*Description of the task*
Your reply should contain the whole listing below, repeated exactly, and no images.

*Information shown*

___

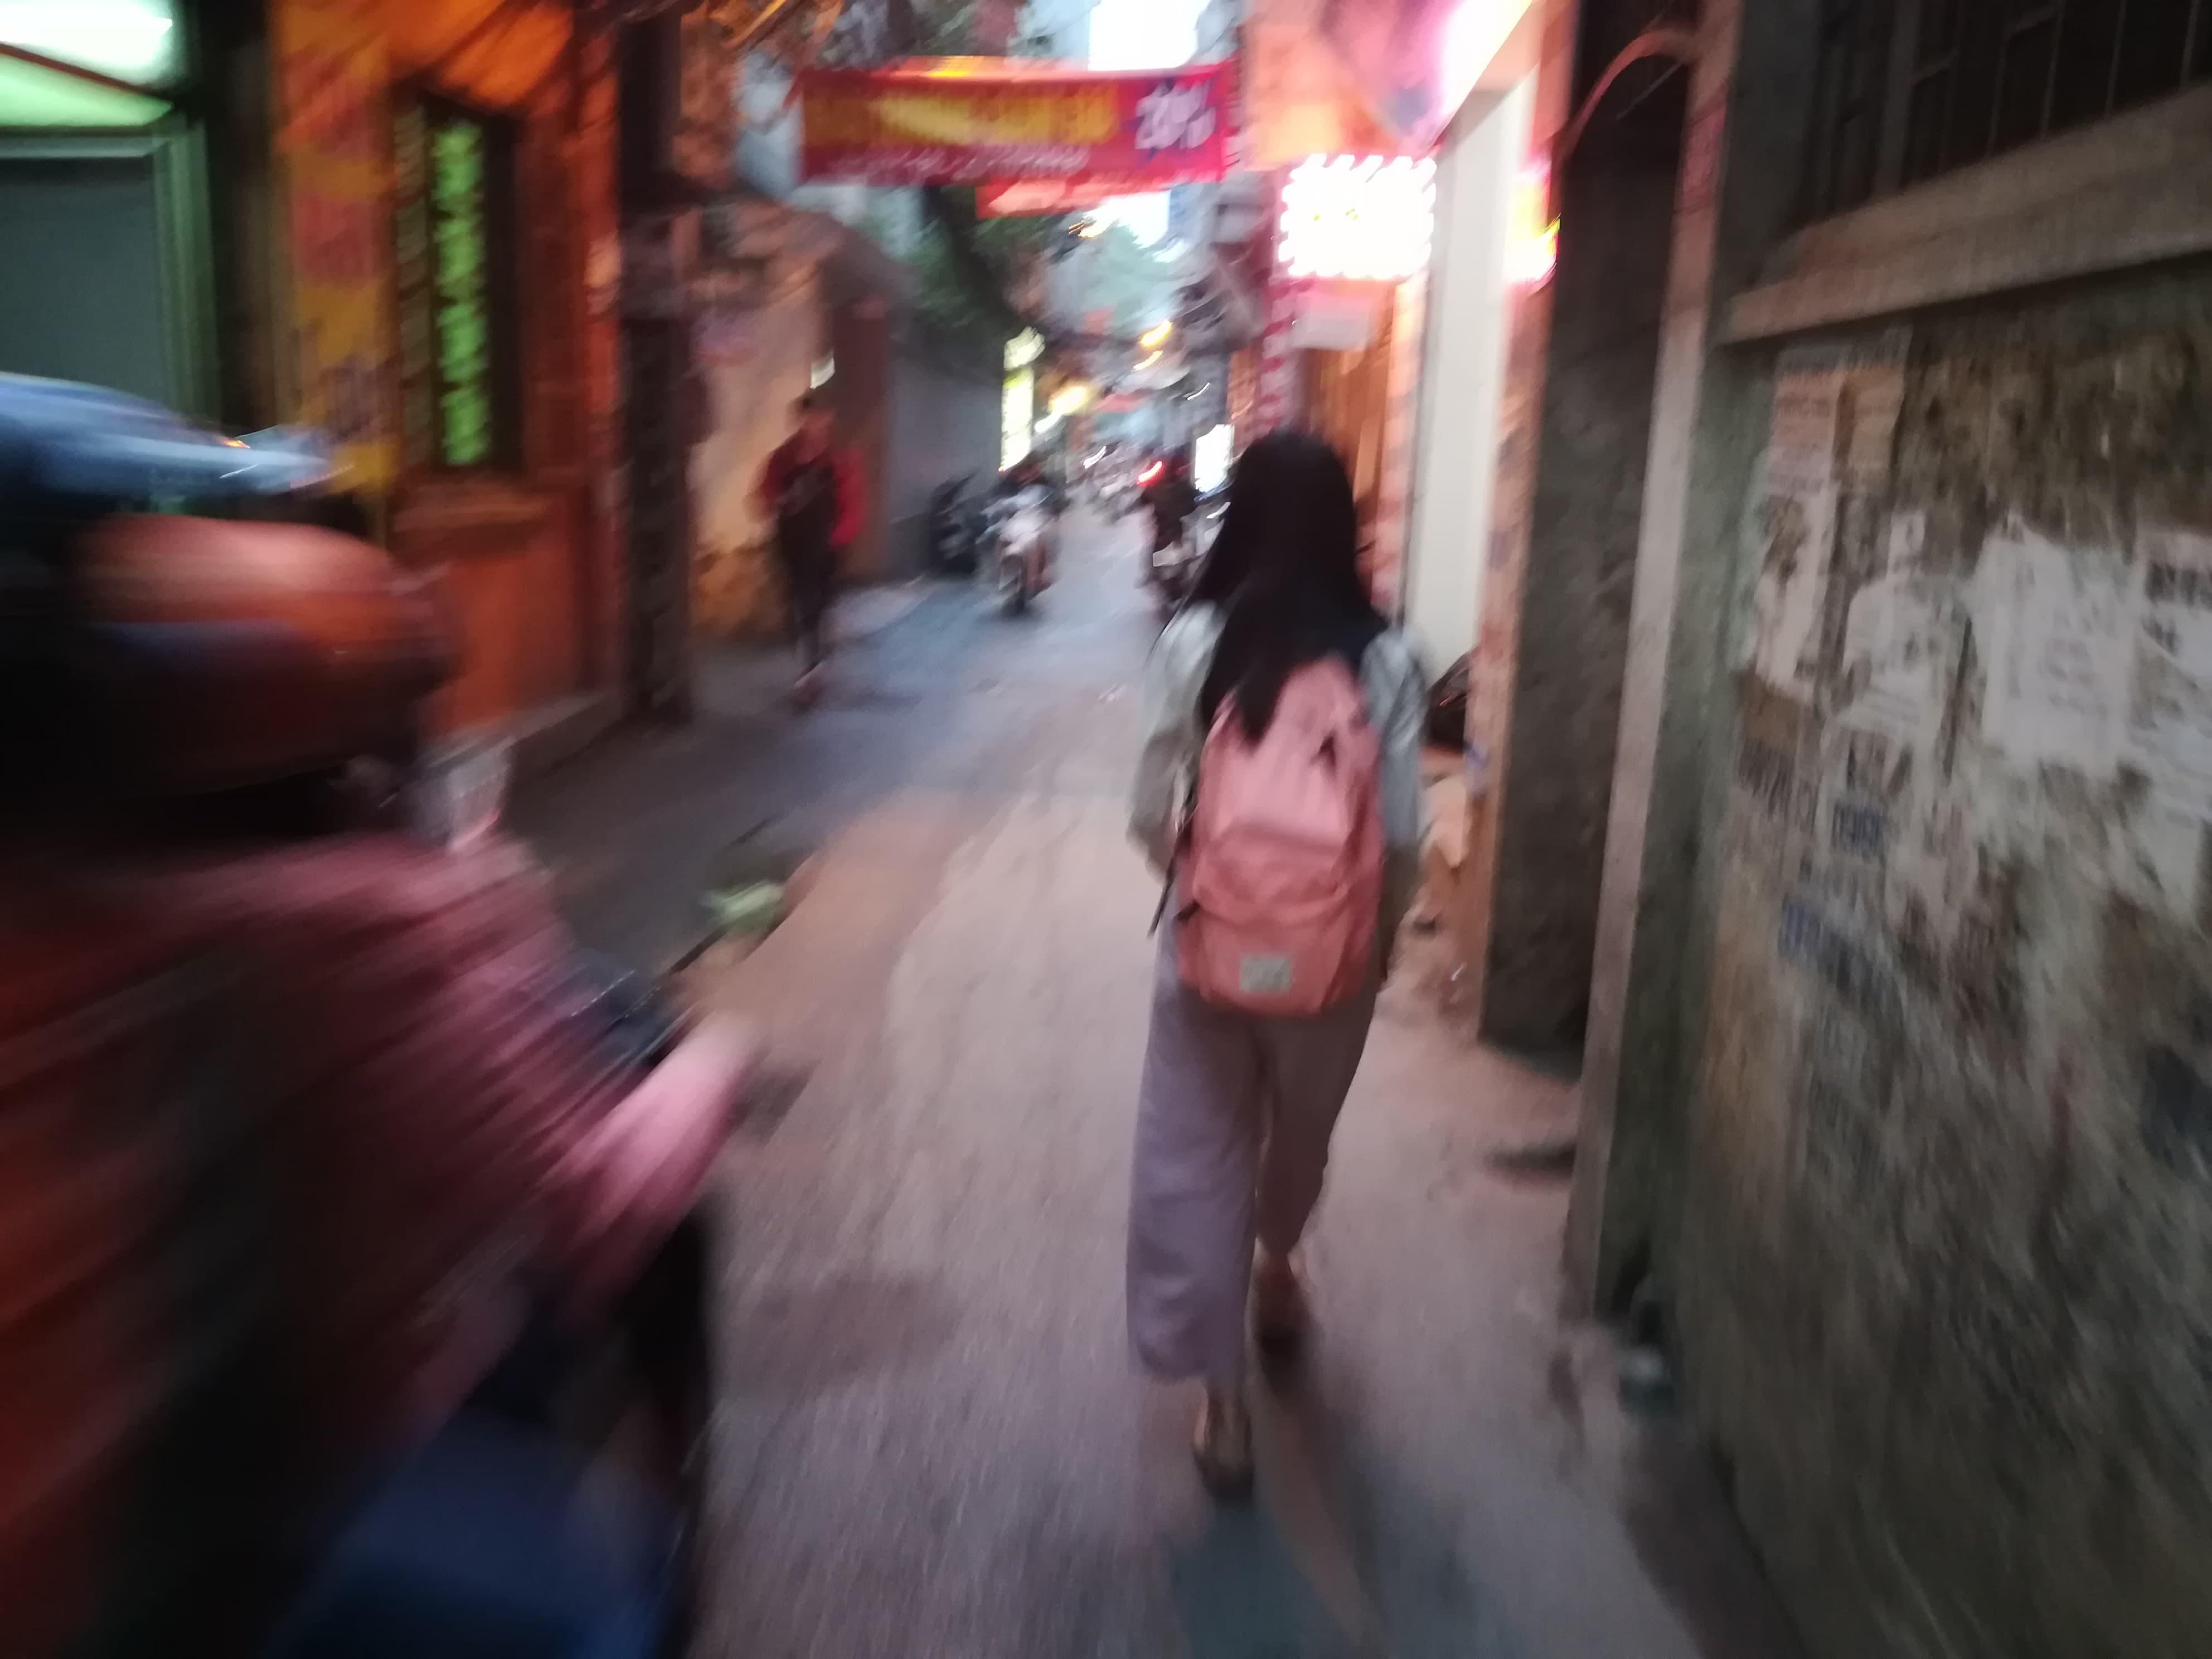 ベトナム留学前や留学後にしておいて良かった事を紹介
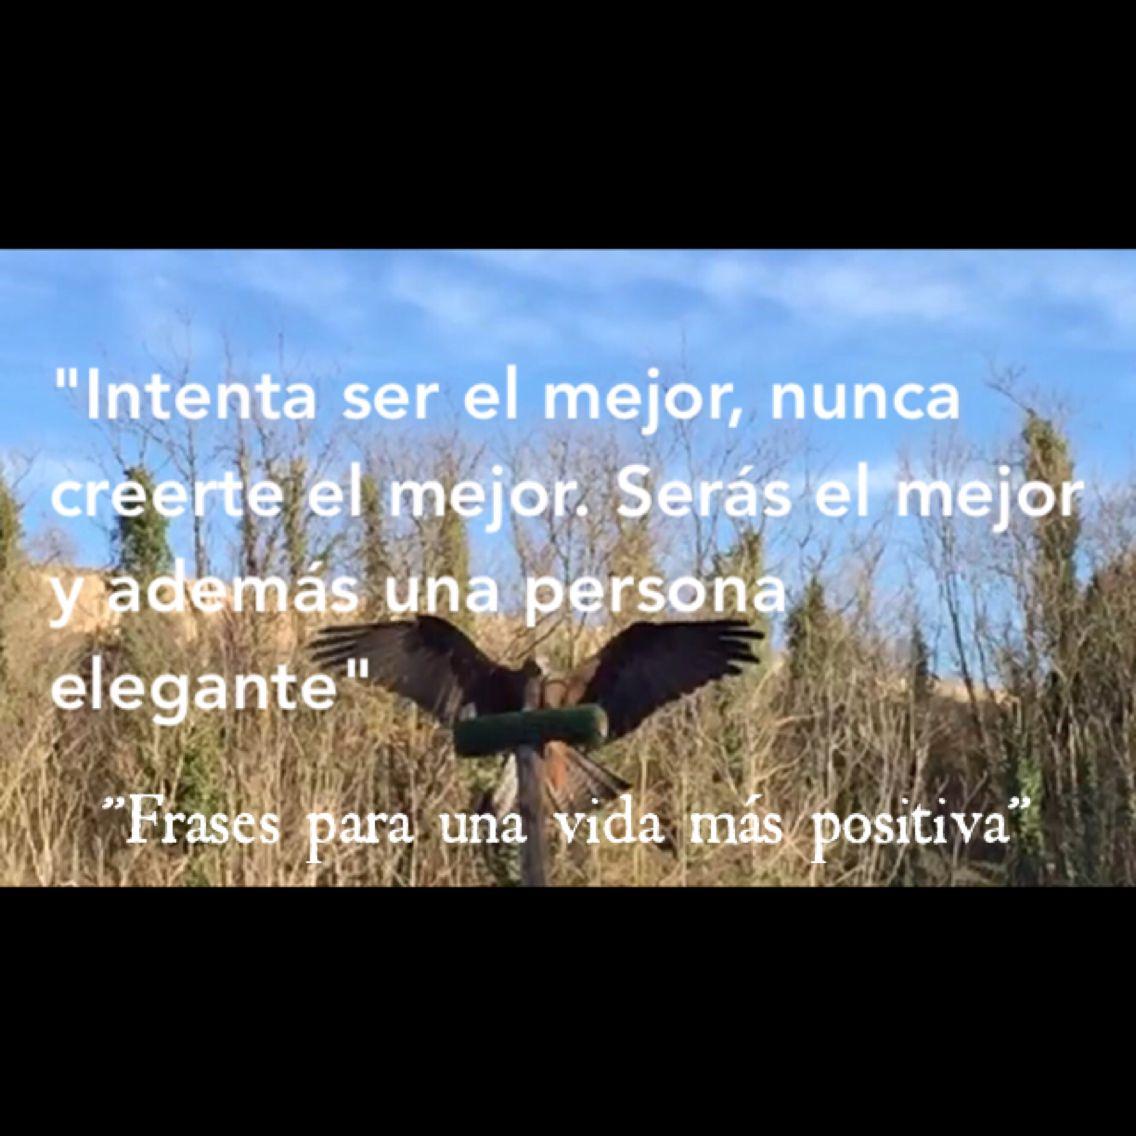 """""""Serás el mejor y además una persona elegante"""" #frases #frasespositivas #frasesparaunavidamaspositiva"""
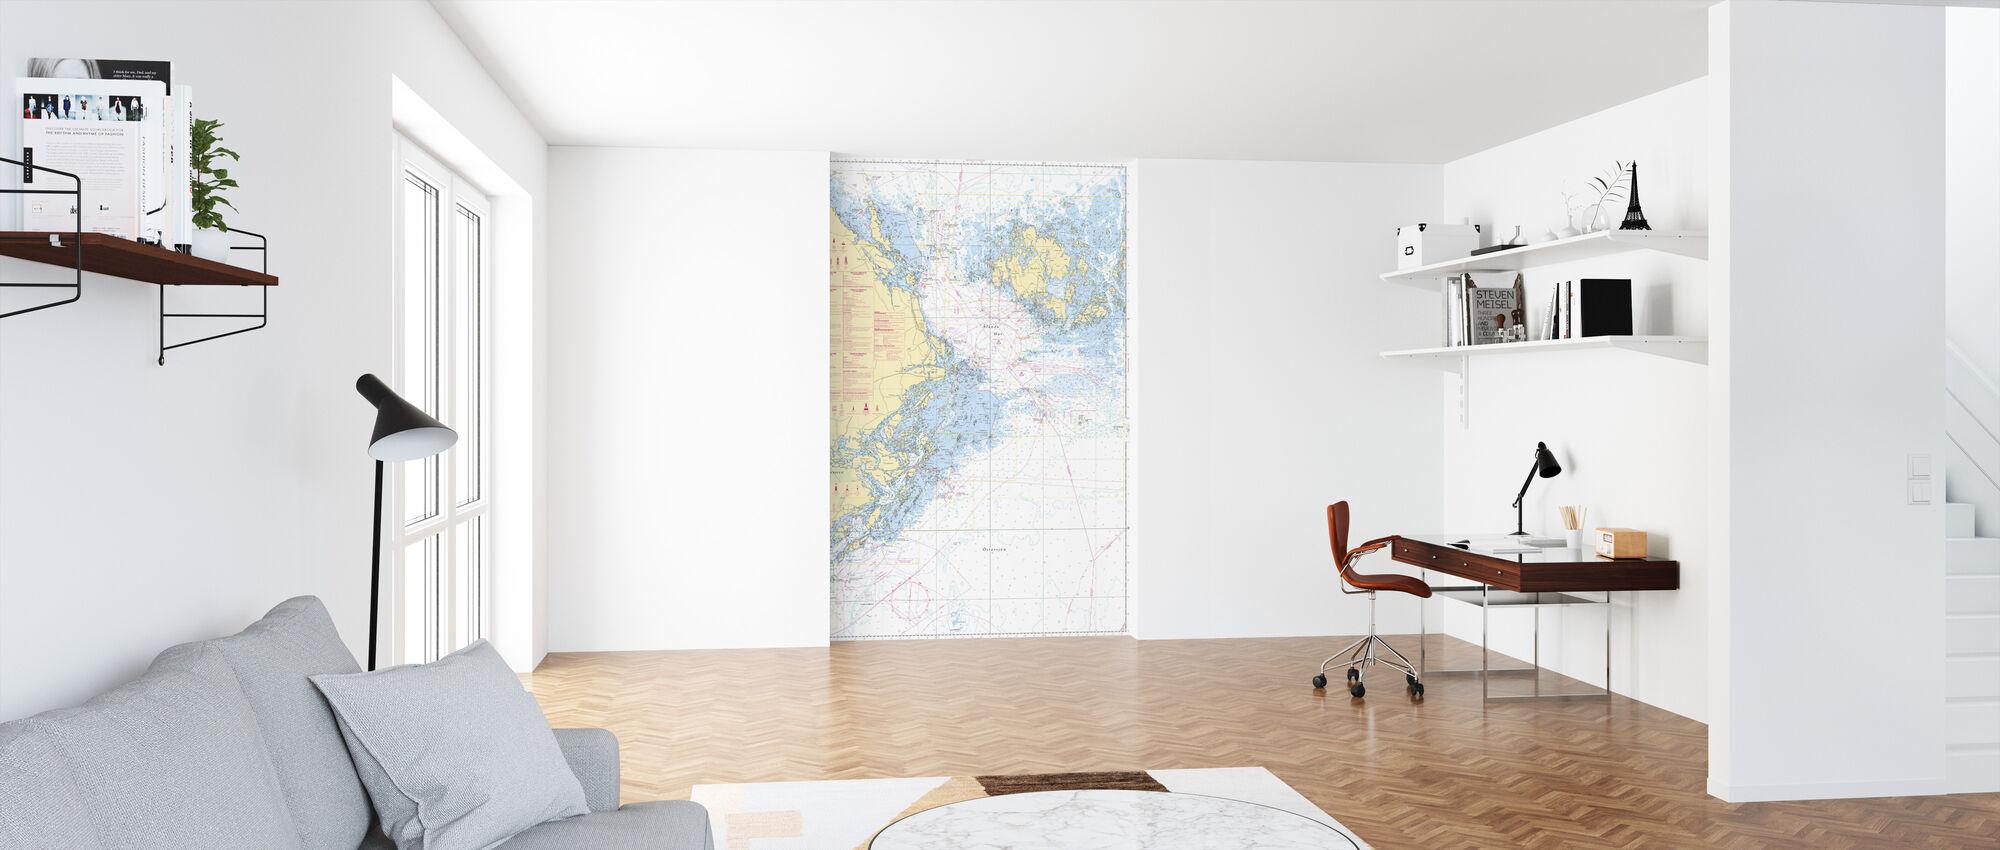 Sea Chart 61 - Landsort - Alands Hav - Wallpaper - Office

___

*Written reply*
 ベトナム留学前や留学後にしておいて良かった事を紹介
 """""""Serás el mejor y además una persona elegante"""" #frases #frasespositivas #frasesparaunavidamaspositiva"""
 Sea Chart 61 - Landsort - Alands Hav - Wallpaper - Office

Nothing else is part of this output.